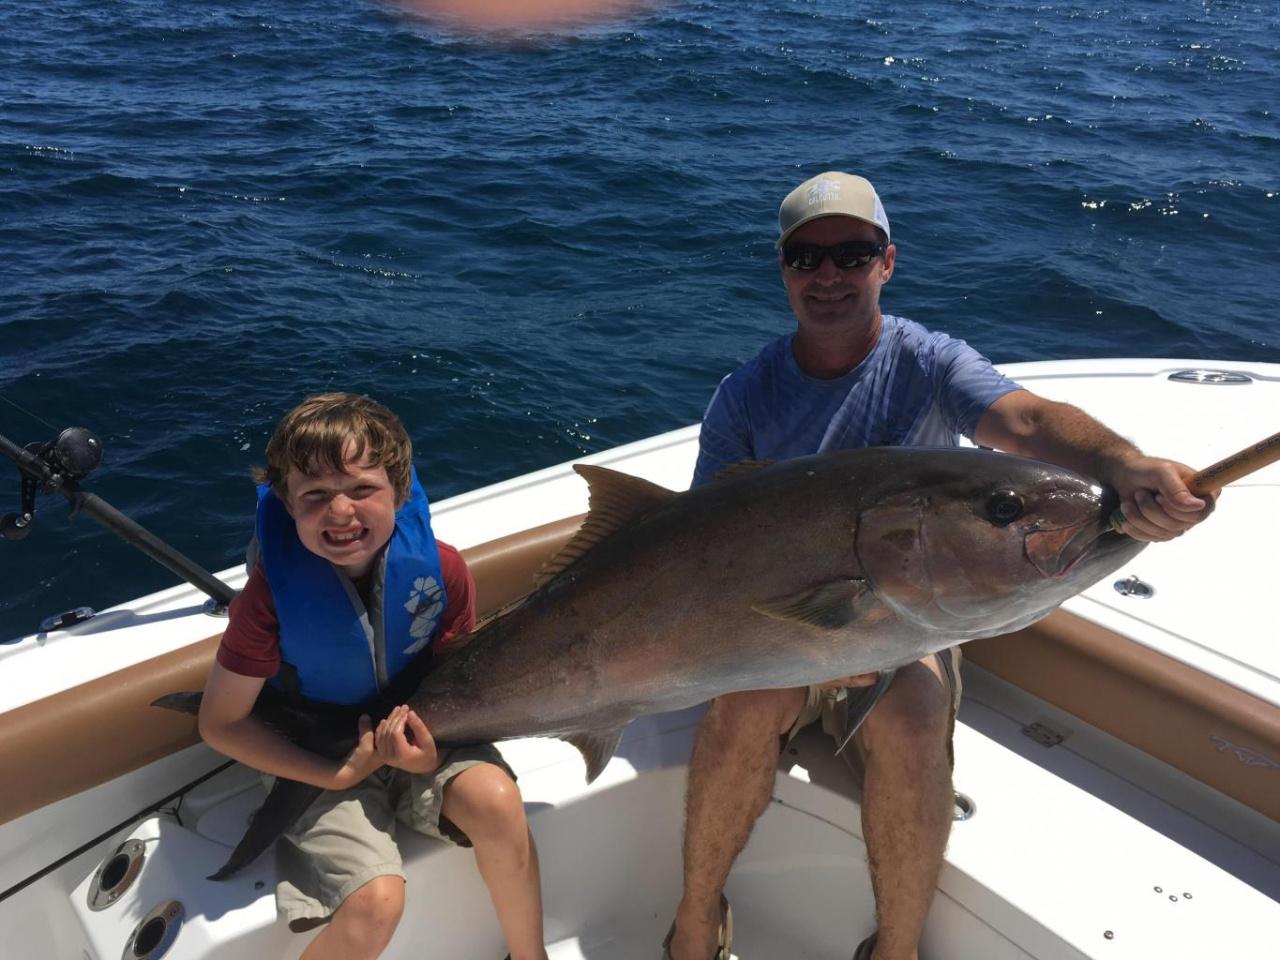 Been a great summer of fishing-06deb4d5-f065-4f8a-afc6-de94c6118fd4_1534731451495-jpg
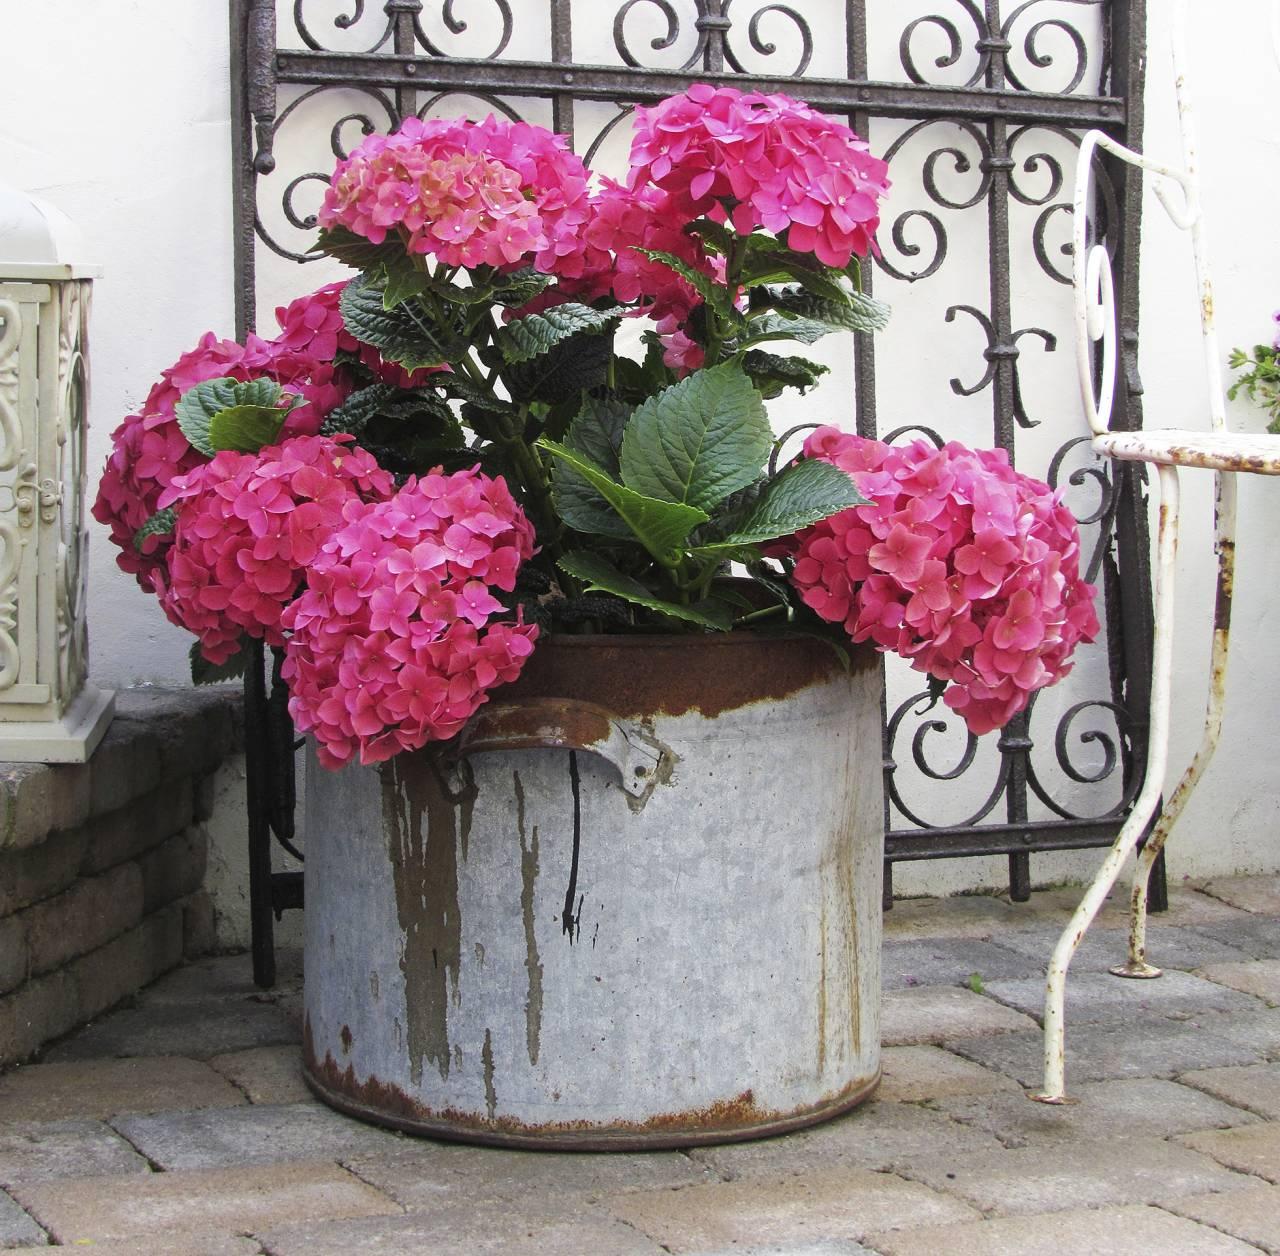 Rosa hortensia i utomhuskruka
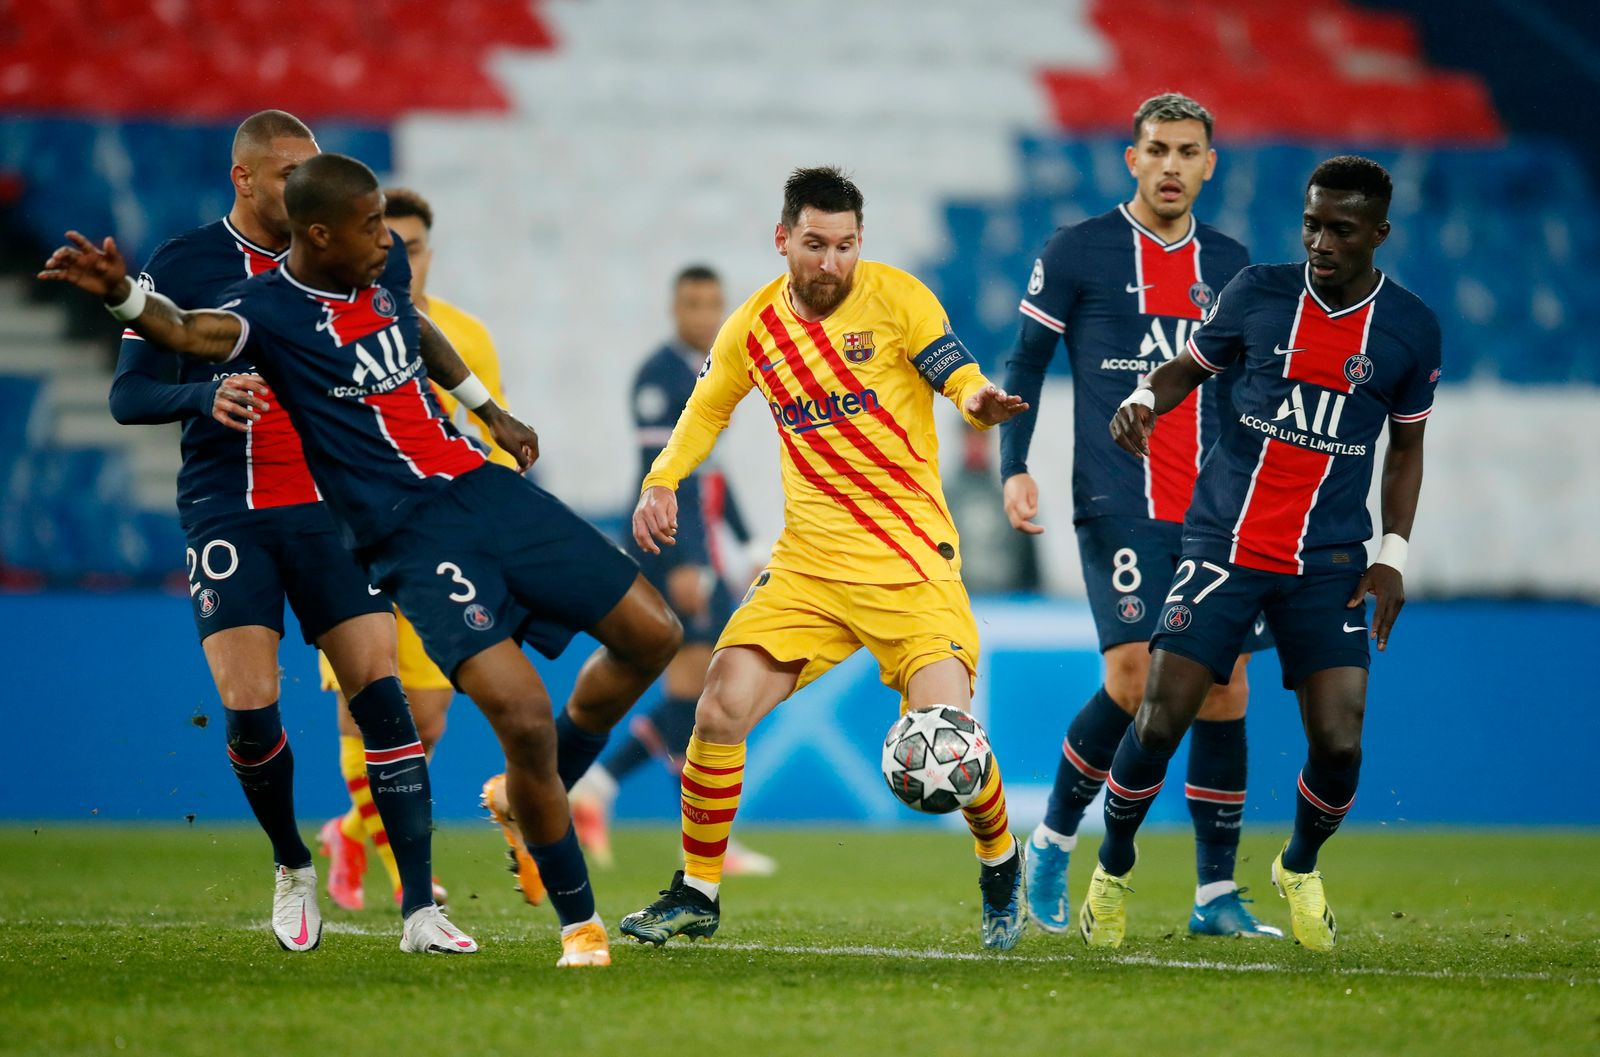 Champions League - Round of 16 Second Leg - Paris St Germain v FC Barcelona

□ □ □ □ □ □ □

• **What is expected**:
From the line holding "Rosa hortensia i utomhuskruka" through the last line of the material above, each line should be written out exactly, both included; omit the pictures.

• **The completed task**:
 Rosa hortensia i utomhuskruka
 Champions League - Round of 16 Second Leg - Paris St Germain v FC Barcelona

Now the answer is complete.